6. Le droit d'être entendu implique que l'autorité préfectorale, avant de prendre à l'encontre d'un étranger une décision portant obligation de quitter le territoire français, mette l'intéressé à même de présenter ses observations écrites et lui permette, sur sa demande, de faire valoir des observations orales, de telle sorte qu'il puisse faire connaître, de manière utile et effective, son point de vue sur la mesure envisagée avant qu'elle n'intervienne. Toutefois, dans le cas où la décision faisant obligation de quitter le territoire français est prise concomitamment au refus de délivrance d'un titre de séjour, l'obligation de quitter le territoire français découle nécessairement du refus de titre de séjour. Le droit d'être entendu n'implique alors pas que l'administration ait l'obligation de mettre l'intéressé à même de présenter ses observations de façon spécifique sur la décision l'obligeant à quitter le territoire français, dès lors qu'il a pu être entendu avant que n'intervienne la décision refusant de lui délivrer un titre de séjour. En l'espèce, l'obligation de quitter le territoire est intervenue à la suite d'un refus de titre de séjour au titre de l'asile, le moyen tiré de la méconnaissance de l'article 41 de la charte des droits fondamentaux doit donc être écarté comme étant inopérant.

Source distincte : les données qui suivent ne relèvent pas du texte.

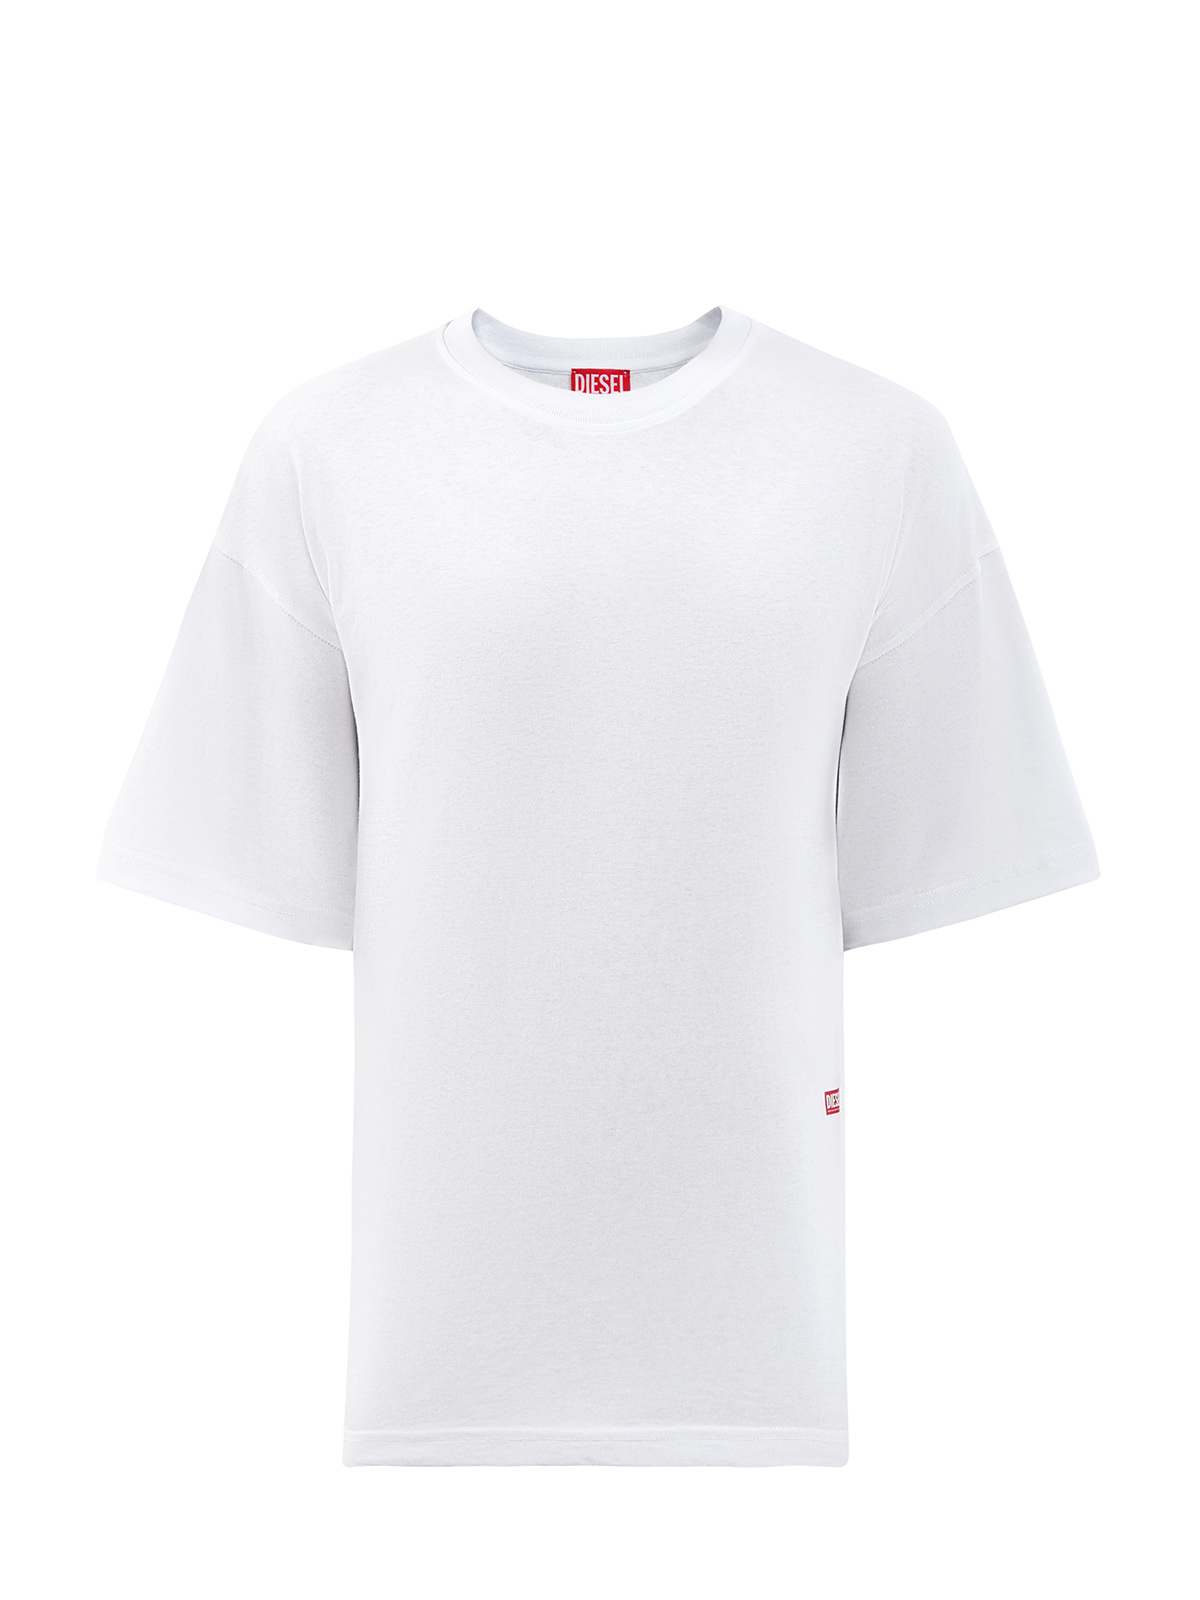 Свободная футболка T-Boxt из хлопка с принтом и логотипом DIESEL, цвет белый, размер S;M
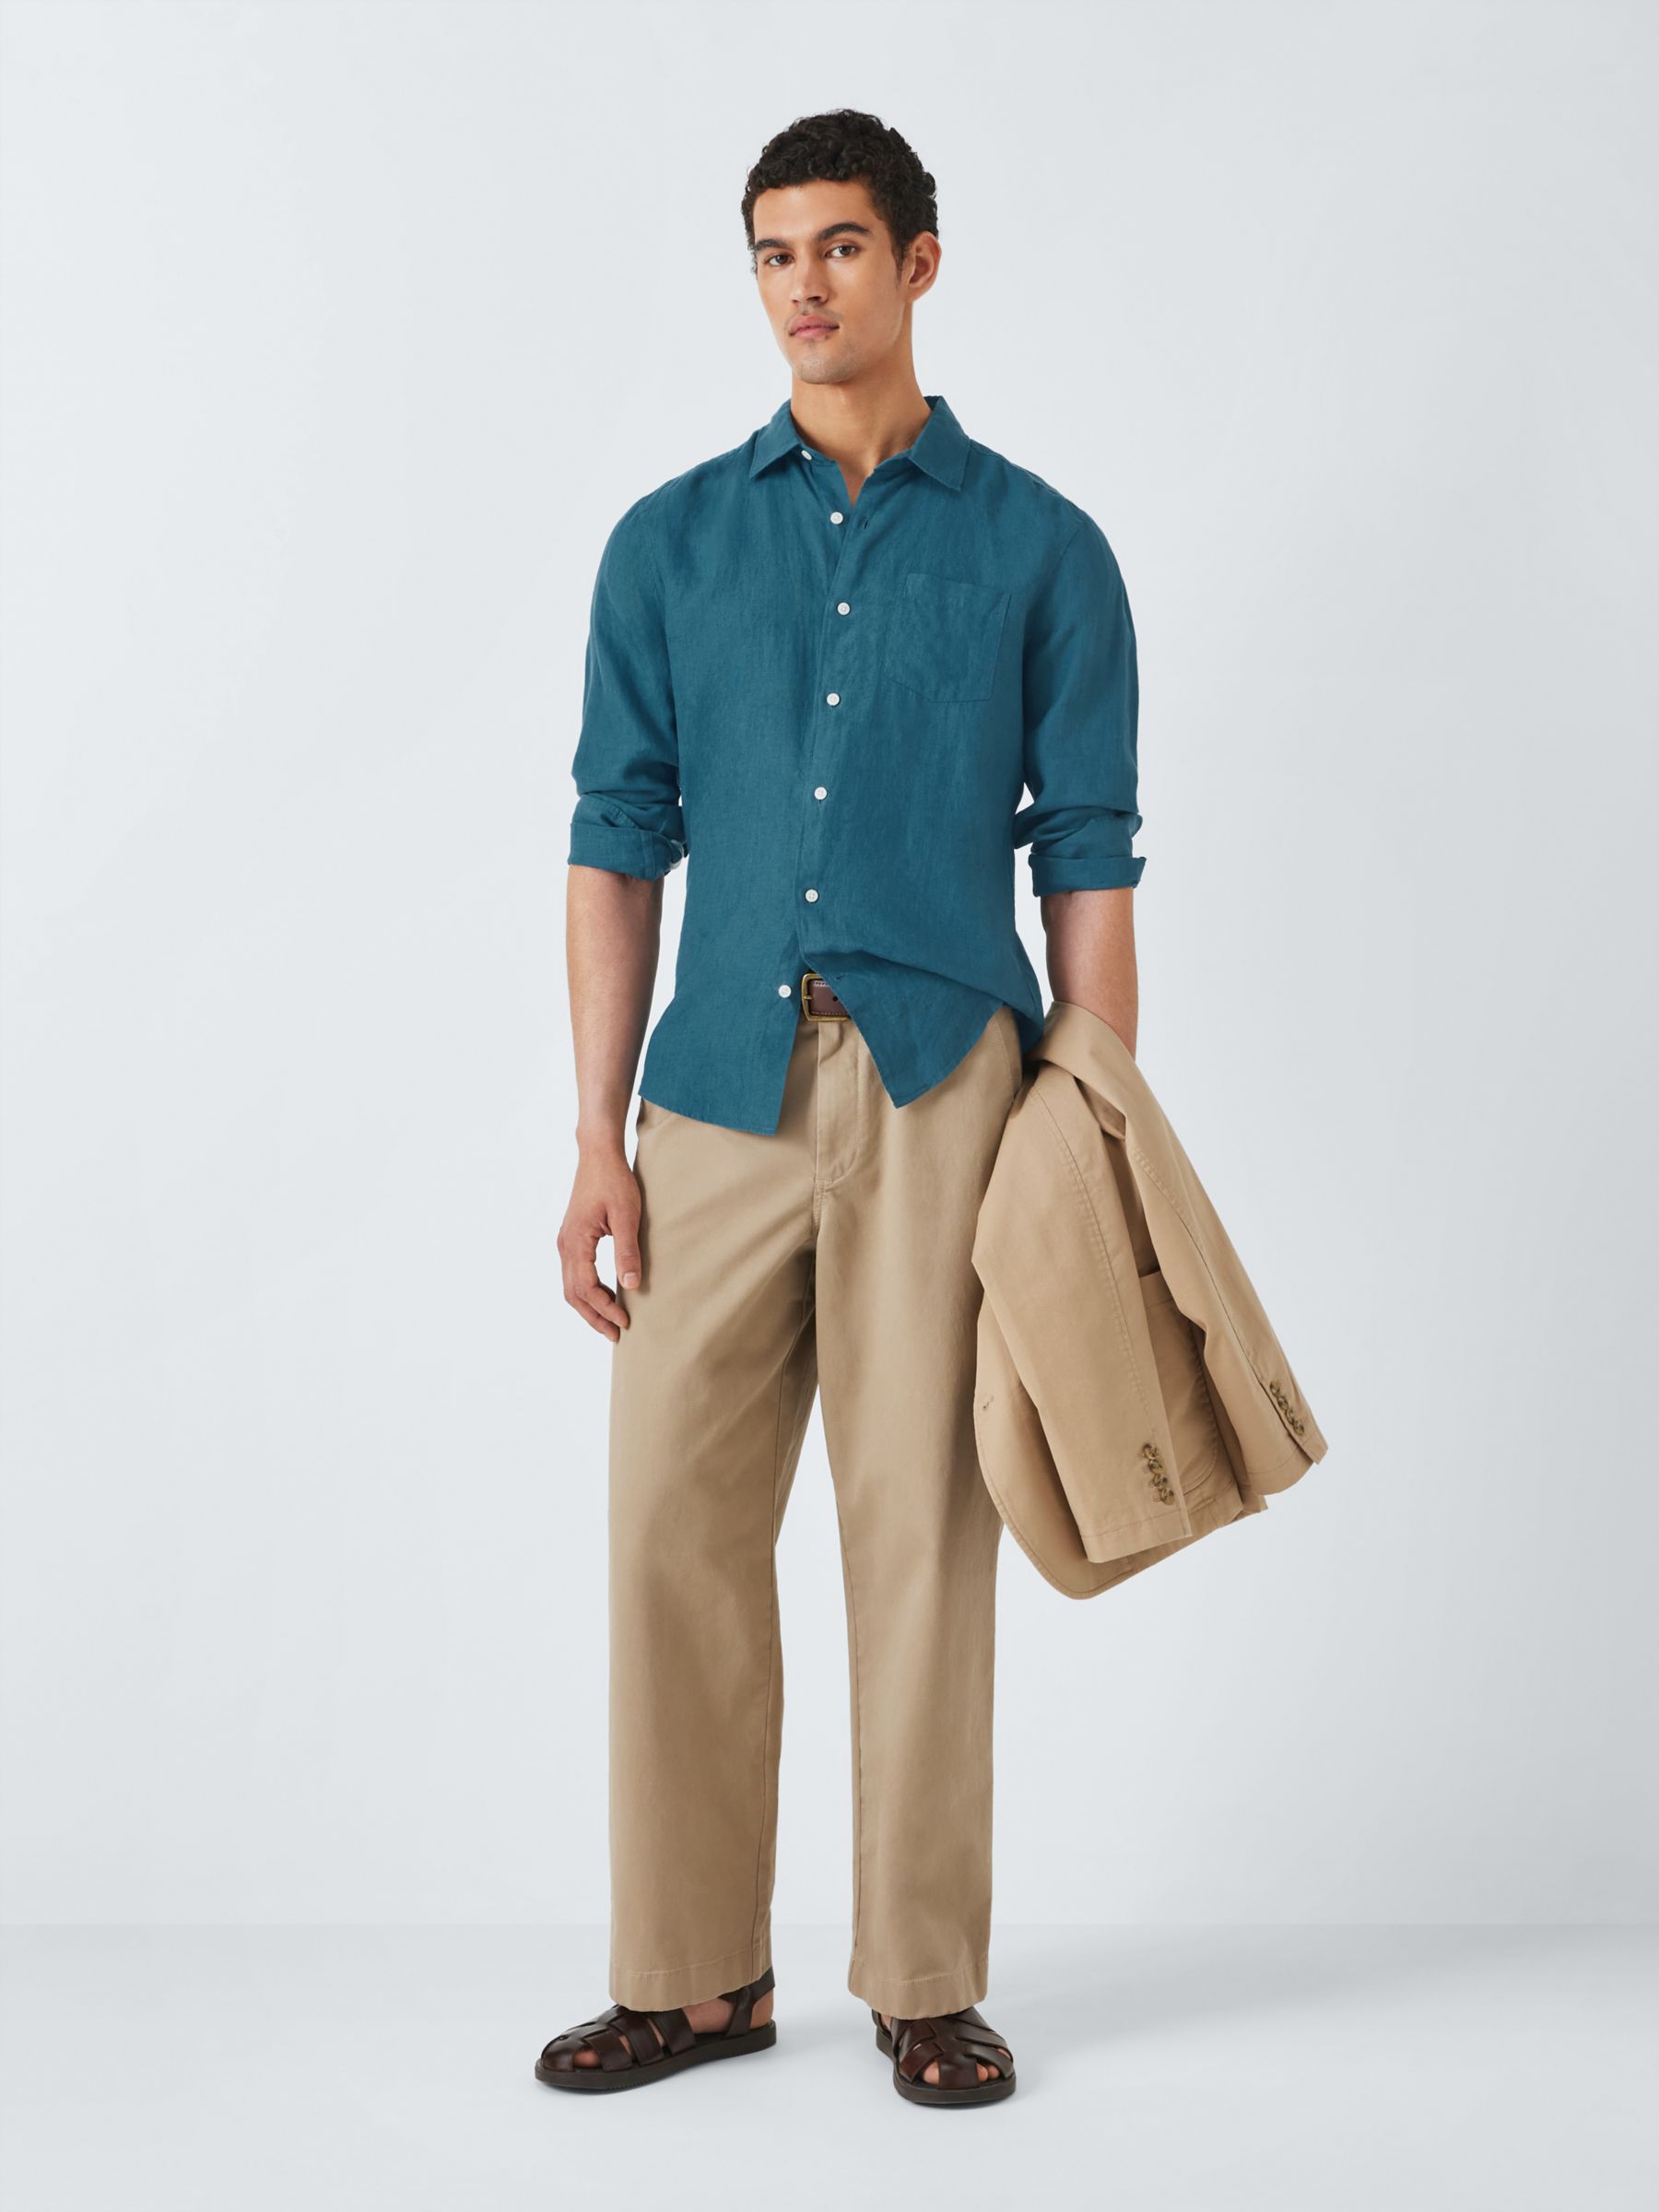 John Lewis Linen Long Sleeve Shirt, Mallard Blue, S

7. En second lieu, si le requérant soutient que la décision méconnaît les stipulations de l'article 8 de la convention européenne de sauvegarde des droits de l'homme et des libertés fondamentales en ce qu'il y a une atteinte disproportionnée à sa vie privée, il n'explique pas en quoi les conséquences de la décision porteraient une telle atteinte. Le moyen doit donc être écarté comme étant dénué de précision suffisante.
En ce concerne le pays de renvoi :
8. Aux termes de l'article 3 de la convention européenne de sauvegarde des droits de l'homme et des libertés fondamentales : " " Nul ne peut être soumis à la torture ni à des peines ou traitements inhumains ou dégradants. ".
9. Si le requérant soutient qu'il craint pour sa sécurité en cas de retour dans son pays en raison d'un conflit familial, il n'en justifie pas. Dans ces conditions, le moyen ne peut être accueilli.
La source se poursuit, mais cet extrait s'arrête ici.